Between the step e2 and the step e3, when karst fracture leakage or fracture confined water is met, bentonite powder and cement slurry are adopted to protect the wall or wet clay balls are backfilled into the hole for plugging, and when the plugging cannot be performed, a sleeve is adopted to perform plugging; when a cavity or a cavity with less fillers is encountered, drilling two-dimensional sonar scanning is needed to find out the scale and space distribution condition of a goaf, the karst cave distribution condition and the filling condition, wherein the two-dimensional sonar scanning is needed to be carried out on the cavity section filled with water, and the drilling is continued after sonar is finished; in the step e5, according to the drilling result, C-ALS cavity scanning is carried out in the drilling hole with the drill dropping height larger than 0.5m, and a cavity scanning system result chart of the goaf is formed; and performing cross-hole electromagnetic wave CT test in two adjacent drill holes to form a cross-hole electromagnetic wave CT section result diagram.

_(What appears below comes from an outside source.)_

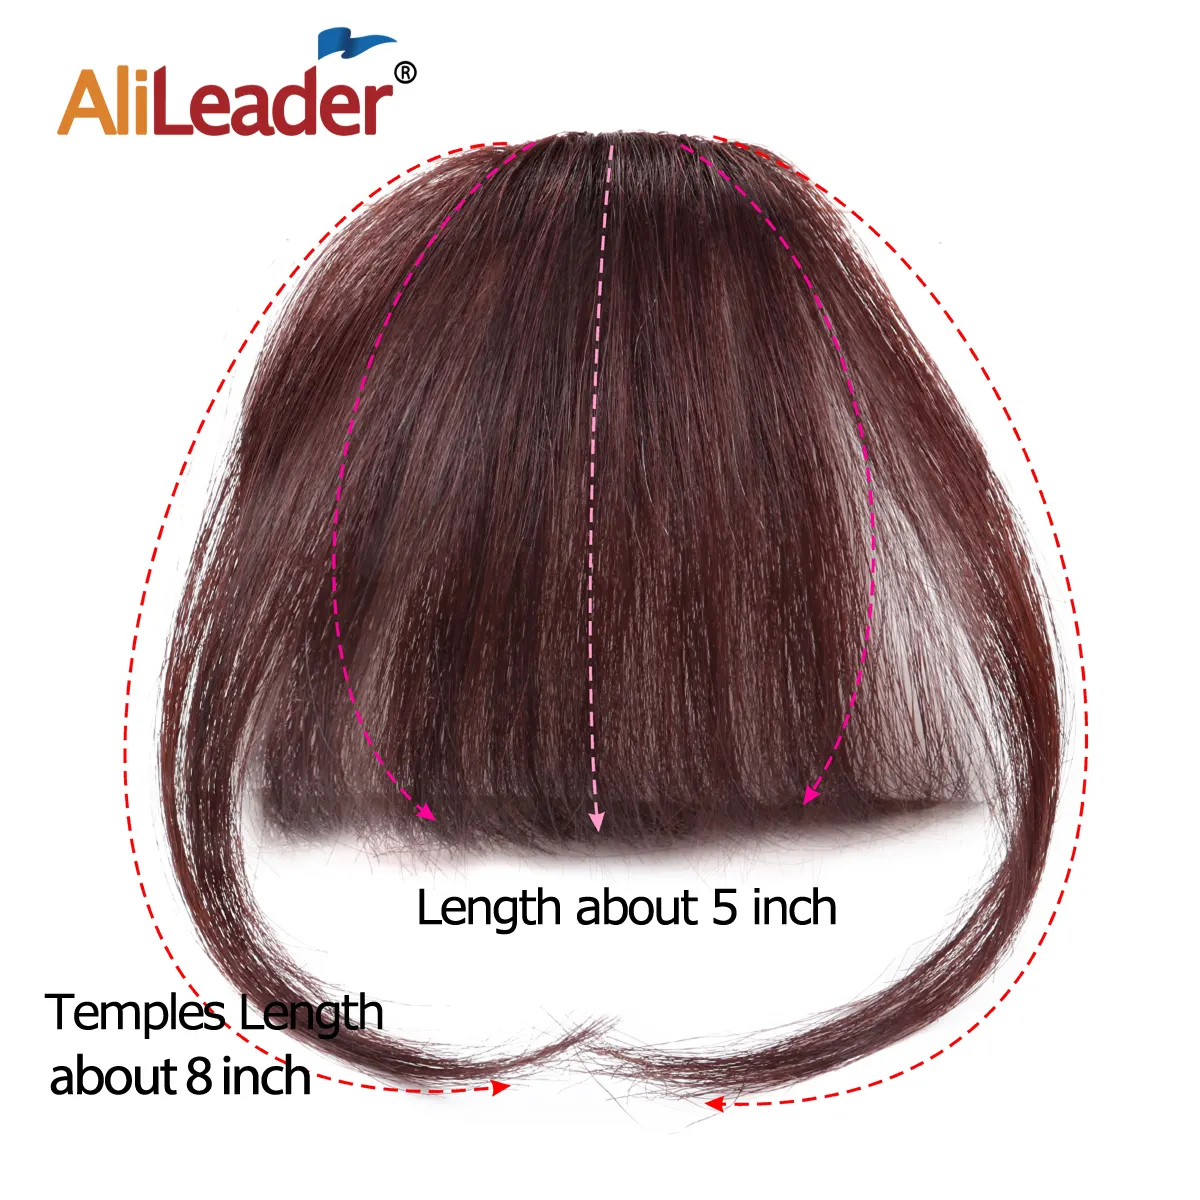 AliLeader Air Bangs One Clip On Hair Extension Straight Hair Pure Human Hair Bangs Front Neat Fringe

In step E, the drilling depth is required as follows: for the goaf and the sections near the goaf, drilling a general hole to 10m below the bottom plate elevation of the bottommost goaf, drilling a technical hole to 15m below the bottom plate elevation of the bottommost goaf, and drilling a controlled hole to 30m below the bottom plate elevation of the bottommost goaf; for the non-goaf section, the general drilling depth is 50m, and the technical drilling depth is 70 m; if the final hole depth meets the karst cave, deepening the drilling hole, wherein the adjustment range of the general drilling hole is 60 +/-1 m, and the technical drilling hole depth is 70 +/-1 m; the general hole drilling is a drilling hole with the depth capable of controlling the main stress layer of the foundation and capable of meeting the design requirement of a foundation treatment cargo pile foundation; technical drilling refers to drilling meeting the requirements of adopting geotechnical tests and carrying out in-situ tests, wherein the in-situ tests include but are not limited to standard penetration tests and dynamic exploration tests; the controlled drilling is the drilling which meets the requirements of settlement calculation, structure checking calculation and overall stability checking calculation besides the conditions of general drilling.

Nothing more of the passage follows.